Tuesday, May 24, 2011

How do you price handmade

Everyone who sells handmade has to deal with this question- what do I charge for this? You're afraid to price too high and blow yourself out of the market but you want to at least make a little. Too often handmade sellers tend to underprice, years online and low prices everywhere have caused many sellers to underprice.

I've seen people put up formulas for pricing. The most commom I've seen is materials+time (decent hourly rate x hours) and then multiply by 2.  The multiple by two seems to stem from the idea of retail is usually twice the wholesale rate. But then comes the tricky part. What if your material is inexpensive but it takes hours to make. Do you charge for the time you put into it and even if you are now charging quadruple of what others are charging for similar items. My dilemma often becomes as I get better at a certain piece I get quicker at making it. What if it takes longer but the quality is lower?

Flip side is charging too little. I've passed on jewelry because just because the price was too low. It doesn't seem possible to actually use decent materials at that price. I really don't think I'm the only one.

I don't think there is a simple answer. Yes you want to cover your costs, please don't charge less that it costs to make it.

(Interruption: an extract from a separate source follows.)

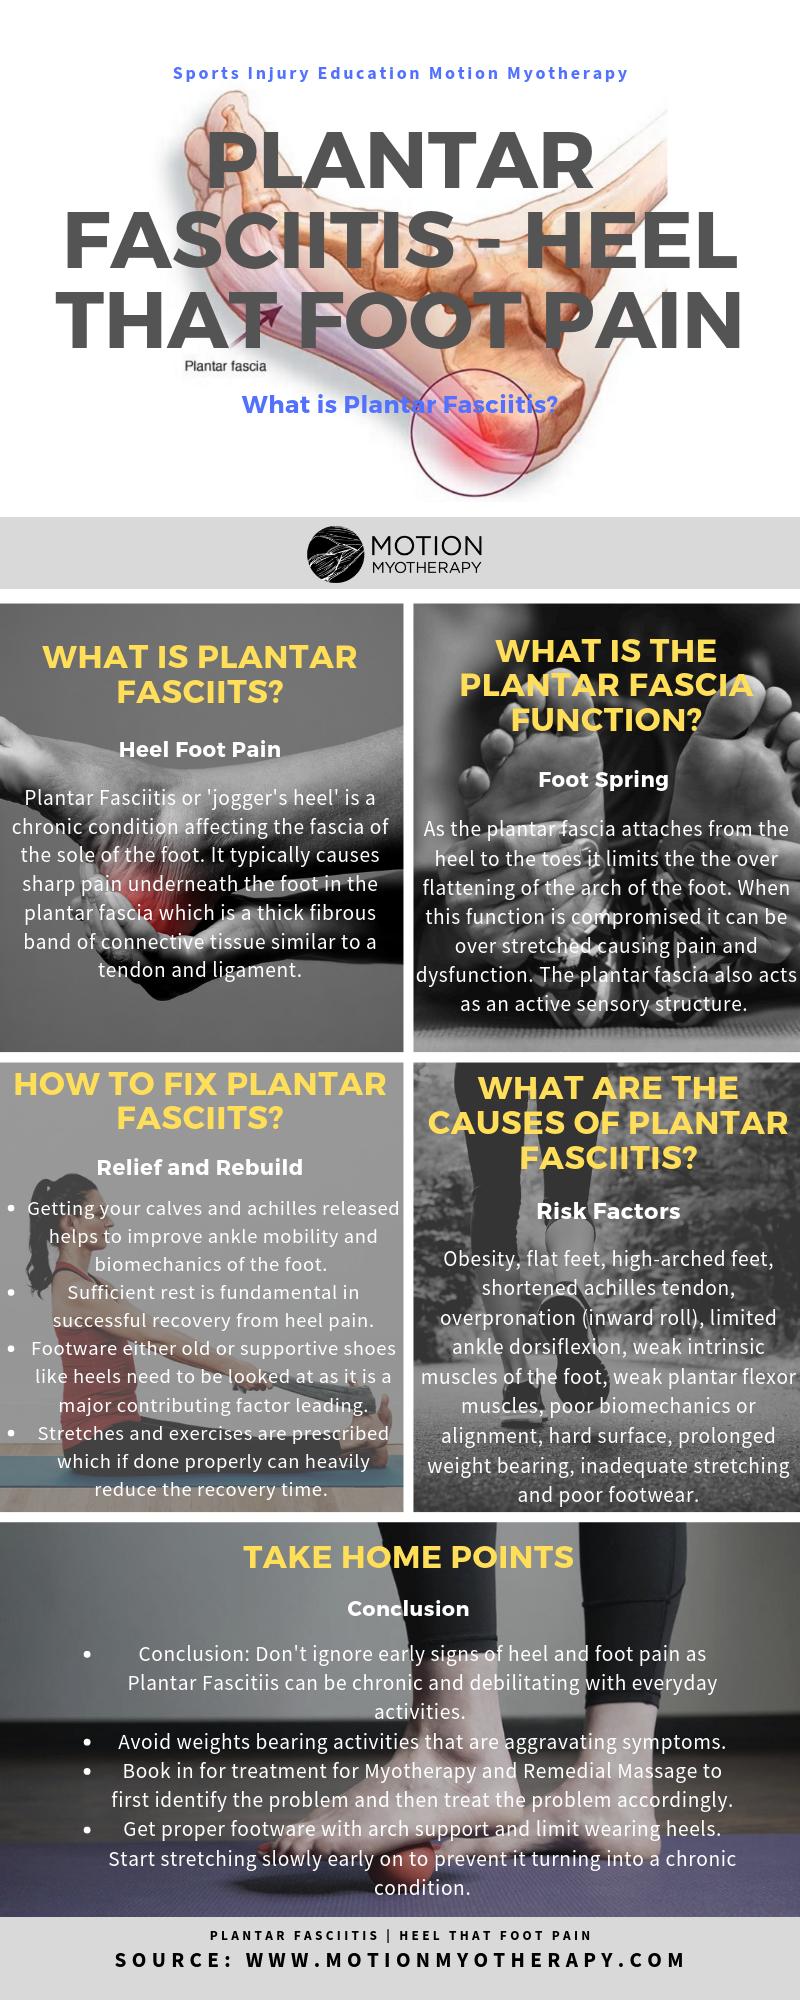 Plantar Fasciitis Heel That Foot Pain

You need to take into account into account the quality of the item beyond the actual costs. Is it clever or unique (meaning you looked online and you really don't see anything or much similar) charge more. If your product is unique and there seems to be a market, feel free to charge more. Does an hourly wage make sense? If you trying to live off what you sell but how many $70 (or $140 if you do the multiple by 2) dollar baby sweater will I you sell (using the 5 hour baby sweater going at near minimum wage of $10/hour and 20 dollars for yarn). It becomes hard to live off selling any craft that takes time.

Sorry no easy answer for this. For me often it comes down to ease of making it, demand, and comparable prices. Sometimes it works, sometimes it doesn't. Do you have a system that works for you?


So now you are pulling your hair out.

4 comments:

Jan E O said...

Pricing is the hardest part for me in jewelry making. My husband says I am to cheap, but sometimes I just want to get rid of it so I can make more. With the rising prices of metal, I have to take into consideration how much replacing the materials is going to cost. I used to add up materials and tack on 25% for rising prices, but with the current silver prices that wasn't enough.

I have tried numerous pricing strategies from by the hour to a flat rate per item. For instance, all bracelets are materials plus 15 dollars. I have found that if people really like it the price doesn't seem to matter . The uniqueness and quality is what they are paying for. So no great answers here, just a continuation of the conversation.

Anonymous said...

Sadly I fear I have no answers either. I tend to price based on the market/ level of skill since polymer clay really isn't expensive compared to jewelry supplies

Karin F. said...

WOW! I think this is the $1,000,000 question that everyone asks; I'm not sure there's an answer. But if someone out there actually knows I'd love to hear the answer.
hugs K

RockBug said...

This is definitely an ongoing issue for us artisans. It seems like there is always a new approach to pricing or something to learn. I wish that there was some magical answer.